Selective and sensitive quantification of glucagon in human plasma using microflow LC/Q-TOF MS

Significance of the topic

Accurate measurement of glucagon, a key hormone in blood glucose regulation, is critical for understanding and managing diabetes. Conventional immunoassays often suffer from cross-reactivity with structurally related peptides derived from proglucagon, limiting specificity. A sensitive, interference-free analytical method would enable reliable quantification of endogenous glucagon levels in clinical and research settings.

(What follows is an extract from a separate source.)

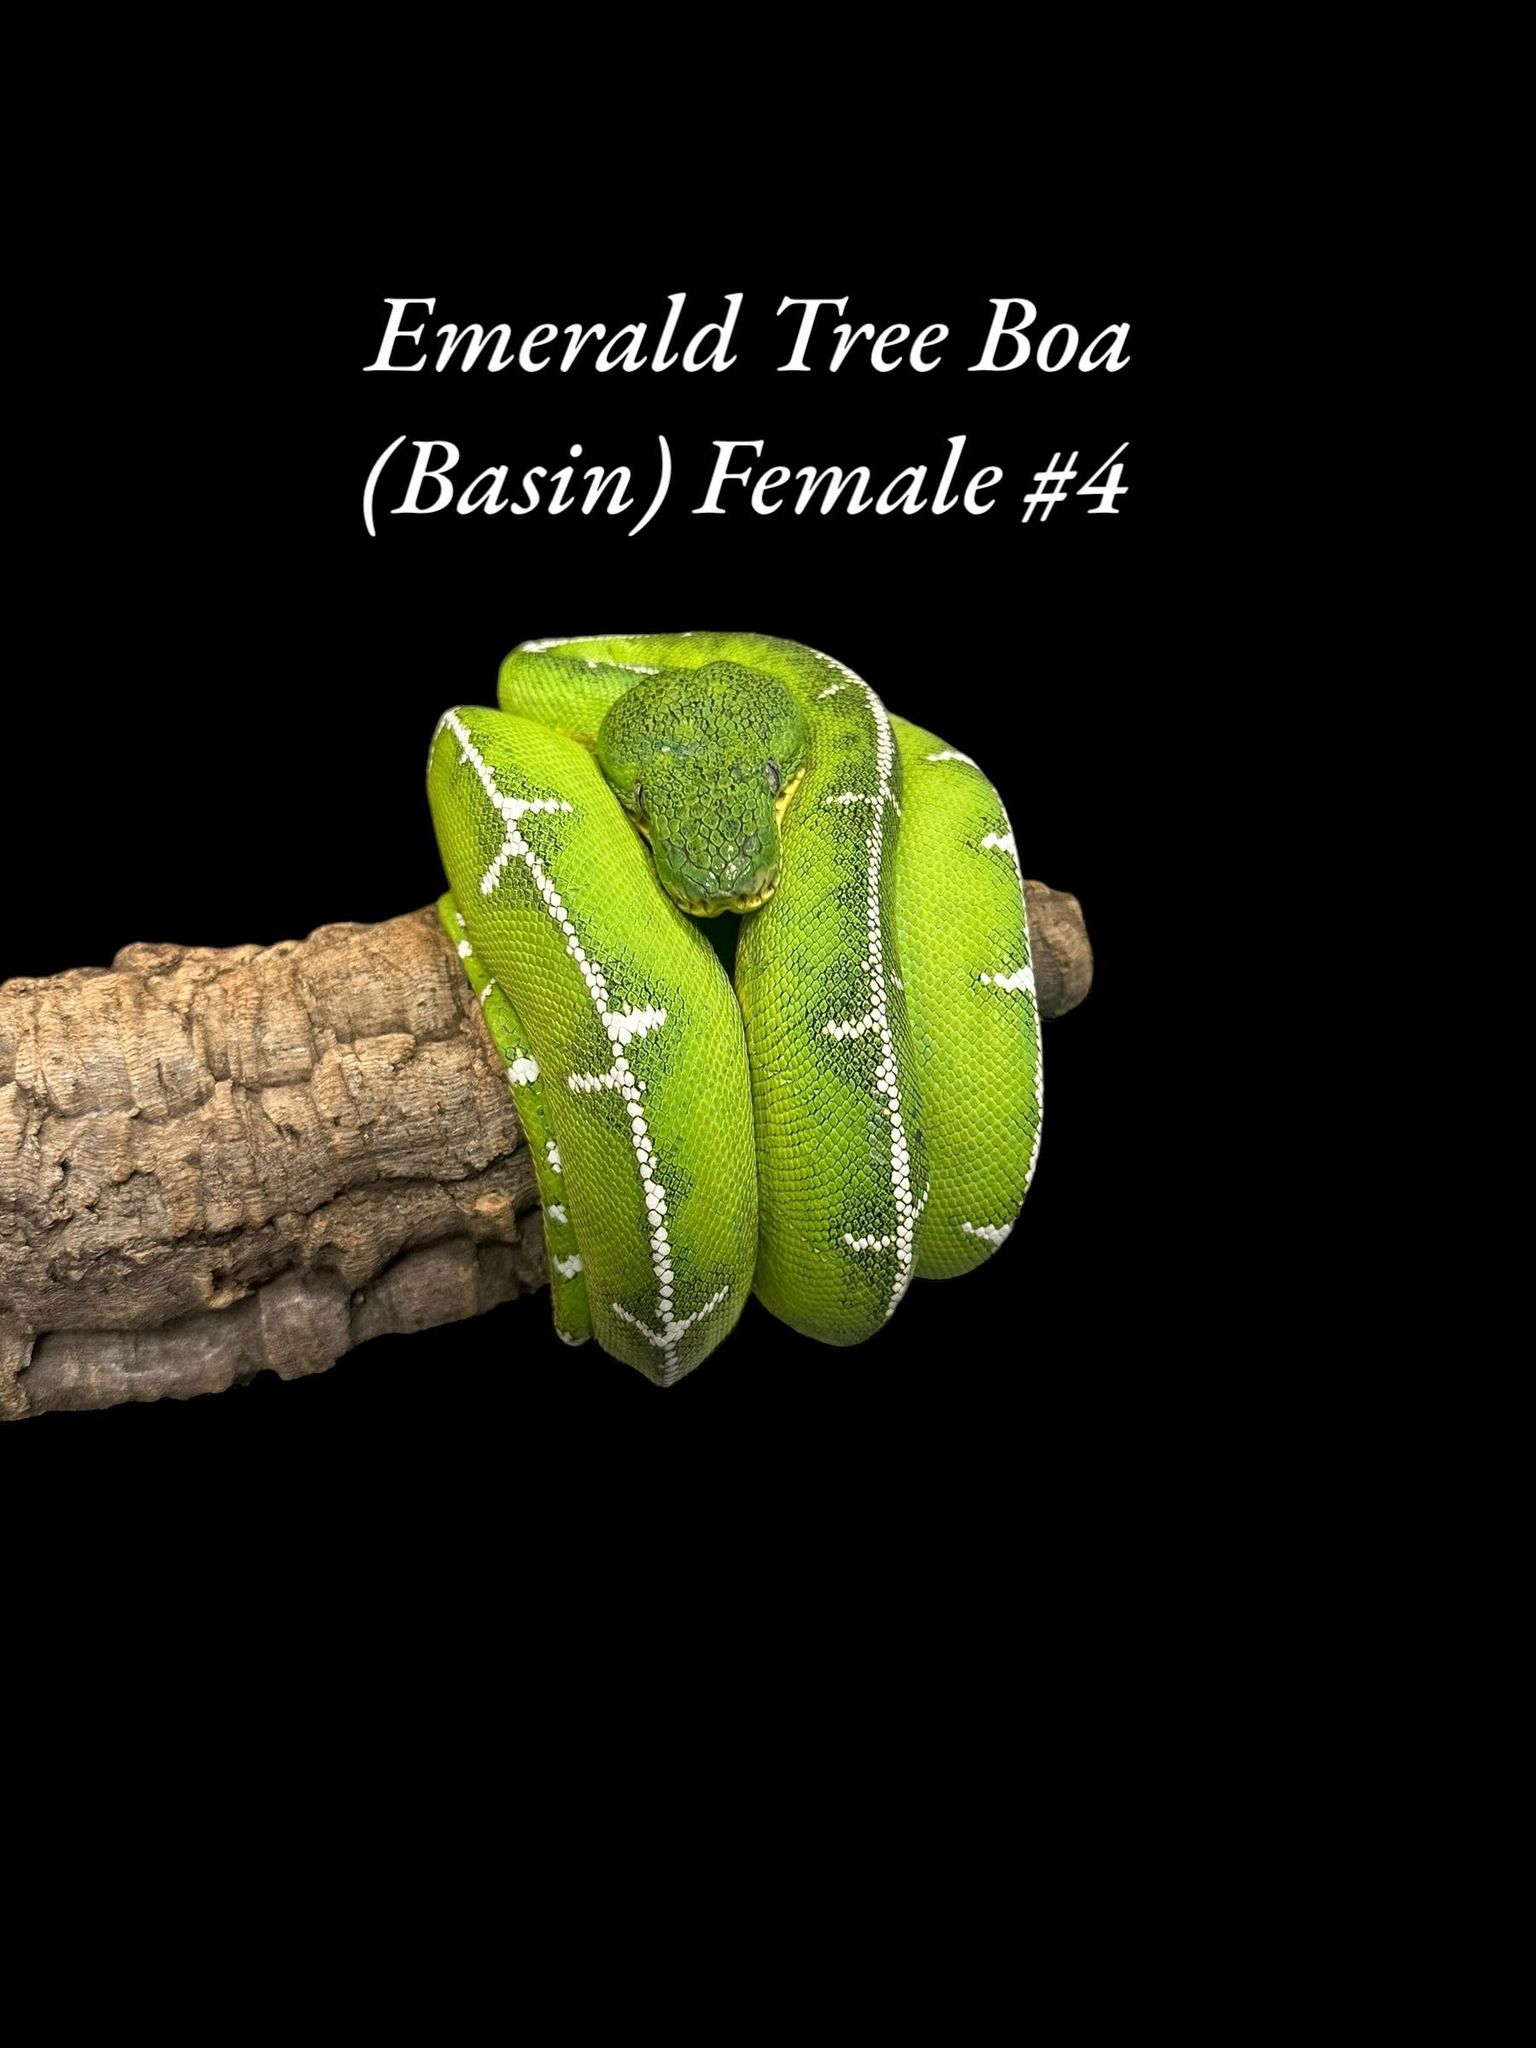 Emerald Tree Boa (Basin)

Objectives and study overview

The study aimed to develop a streamlined sample-preparation protocol and a high-sensitivity microflow liquid chromatography coupled to quadrupole time-of-flight mass spectrometry (microflow LC-Q-TOF MS) method to selectively quantify intact glucagon in human plasma. Key goals included minimizing peptide degradation, reducing matrix effects, and achieving detection limits below physiological concentration ranges.

Methodology

Samples of human plasma (500 μL) were collected into tubes containing a protease inhibitor cocktail to prevent peptide degradation. After acidification with acetic acid, samples were subjected to solid-phase extraction on an anion-exchange cartridge (EVOLUTE EXPRESS AX). The eluate was concentrated and reconstituted for microflow LC analysis.

Instrumentation used

• Liquid chromatograph: Nexera Mikros microflow system
• Analytical column: HALO C18, 2.7 μm, 0.2 mm ID × 100 mm
• Trap column: L-Column2 C8, 5 μm, 0.2 mm ID × 100 mm
• Mass spectrometer: LCMS-9030 Q-TOF with microflow electrospray ionization
• Flow rates: 3 μL/min for analysis; 20 μL/min trap loading
• Gradient: binary 0.1% formic acid in water and acetonitrile

Main results and discussion

Intact glucagon was detected as multiply charged ions (3+ to 5+). The microflow LC-ESI configuration delivered a ten-fold sensitivity improvement over semi-microflow setups. The lower limit of detection for glucagon was estimated at 10 pM, well below normal plasma concentrations (10–50 pM). Calibration was linear from 10 to 10 000 pM (r2 > 0.999) with accuracy within 93–104% and relative standard deviations below 5%. Endogenous glucagon in pooled human plasma was quantified reliably within physiological ranges.

Benefits and practical applications

• Highly selective quantification of glucagon without cross-interference from related peptides
• Sensitivity sufficient to measure low-picomolar endogenous levels
• Streamlined sample preparation compatible with routine laboratory workflows
• Potential use in clinical research, drug development, and QA/QC of peptide therapeutics

Future trends and potential applications

Future developments may include automated on-line sample cleanup, multiplexed analysis of multiple peptide hormones in a single run, and miniaturized platforms for point-of-care testing. Integration with data-independent acquisition modes and further enhancements in mass spectrometer speed and resolution could expand applications to broader biomarker panels.

Conclusion

The described microflow LC-Q-TOF MS method, combined with a simplified solid-phase extraction protocol, enables sensitive and selective quantification of intact glucagon in human plasma. The approach overcomes limitations of immunoassays and offers a robust tool for diabetes research and clinical studies.